• _ACTIVITY_
Leaving pictures aside, set down each line exactly, from the first line of the data to the line with "Archimede Seguso war", both included.

• _SUPPLIED INFORMATION_
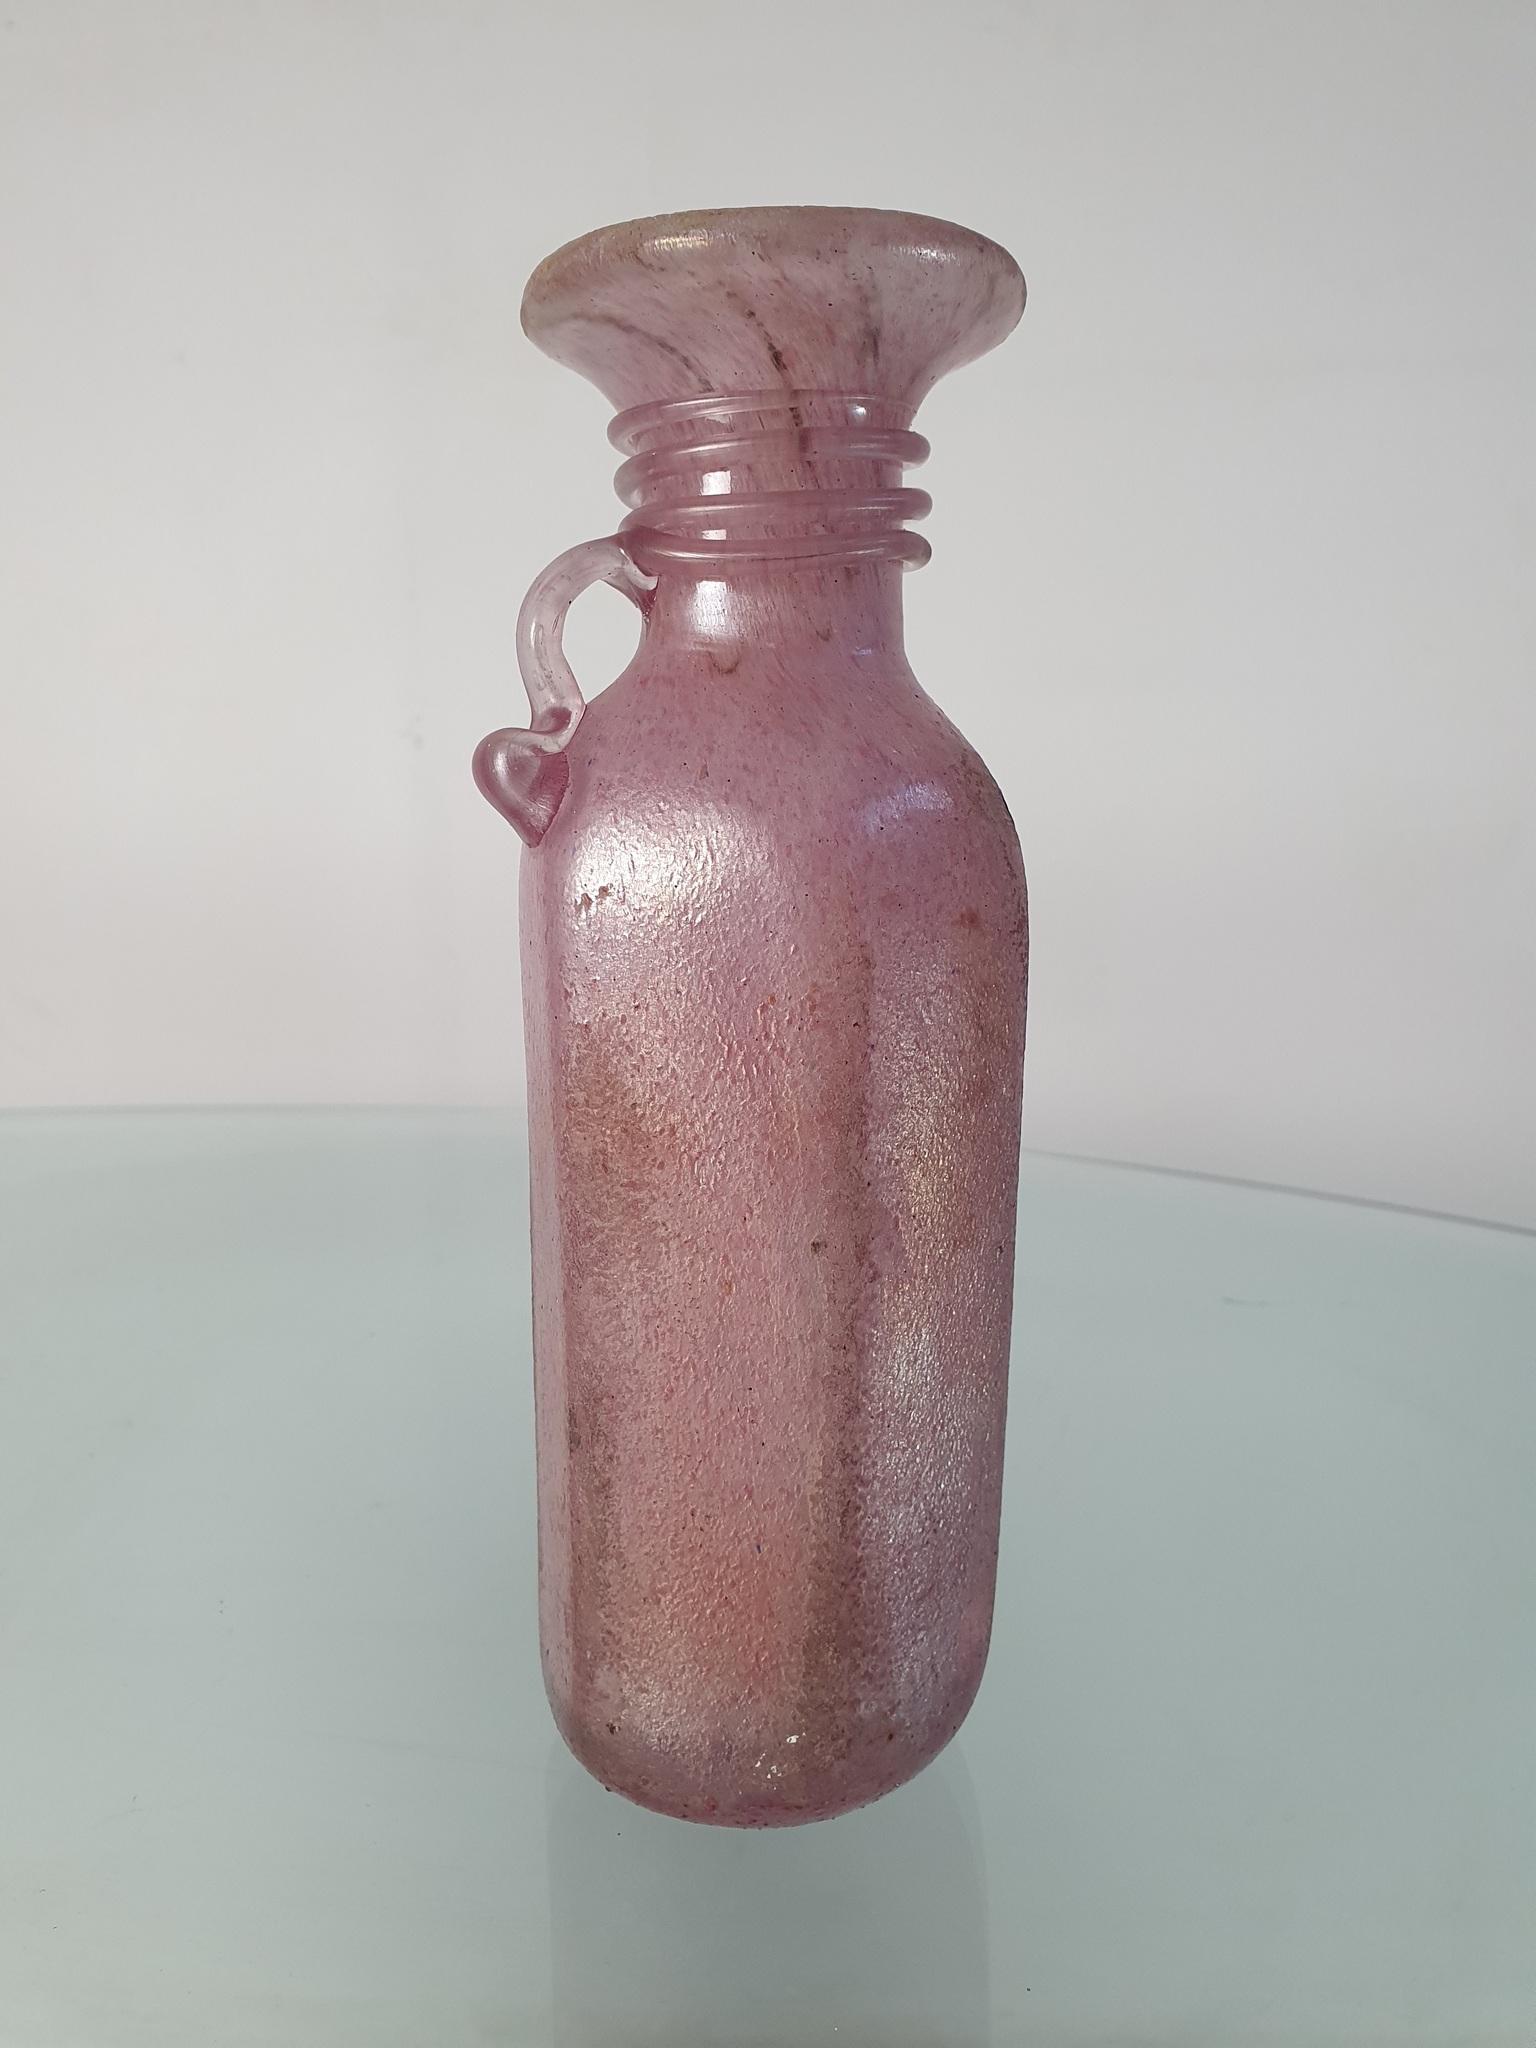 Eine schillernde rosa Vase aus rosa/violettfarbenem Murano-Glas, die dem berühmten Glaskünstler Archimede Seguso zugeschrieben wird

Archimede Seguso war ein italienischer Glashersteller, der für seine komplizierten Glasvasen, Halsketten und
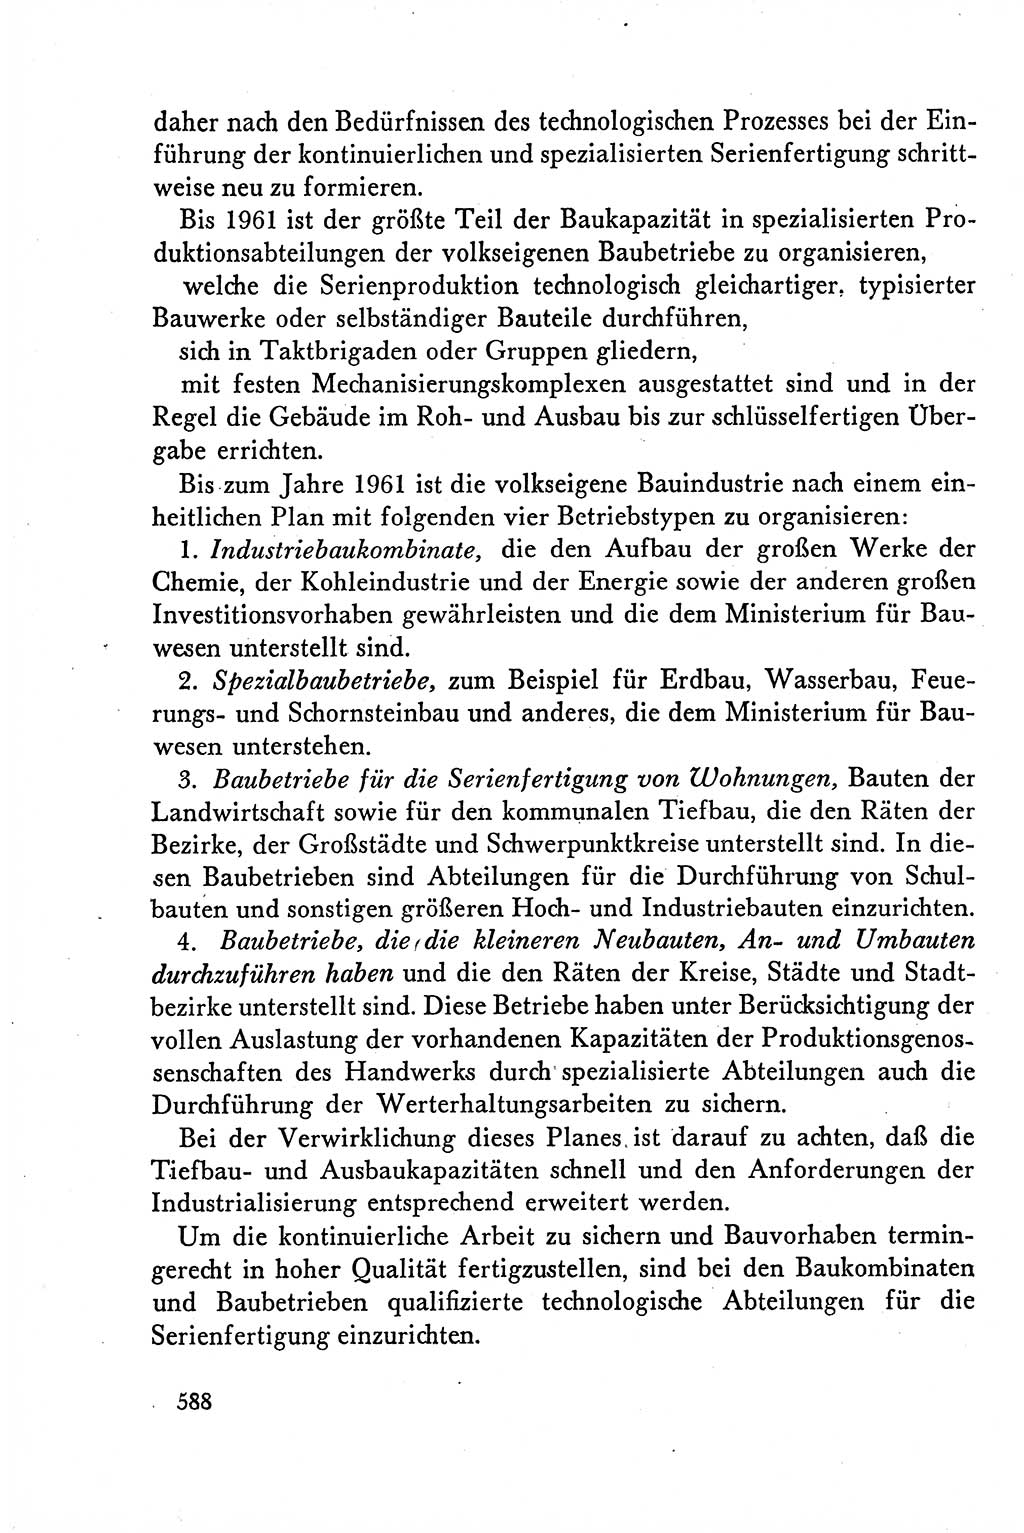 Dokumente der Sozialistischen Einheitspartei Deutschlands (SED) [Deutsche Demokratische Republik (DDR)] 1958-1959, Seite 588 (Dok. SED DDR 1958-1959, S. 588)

• _WRITTEN ANSWER_
 Eine schillernde rosa Vase aus rosa/violettfarbenem Murano-Glas, die dem berühmten Glaskünstler Archimede Seguso zugeschrieben wird

Archimede Seguso war ein italienischer Glashersteller, der für seine komplizierten Glasvasen, Halsketten und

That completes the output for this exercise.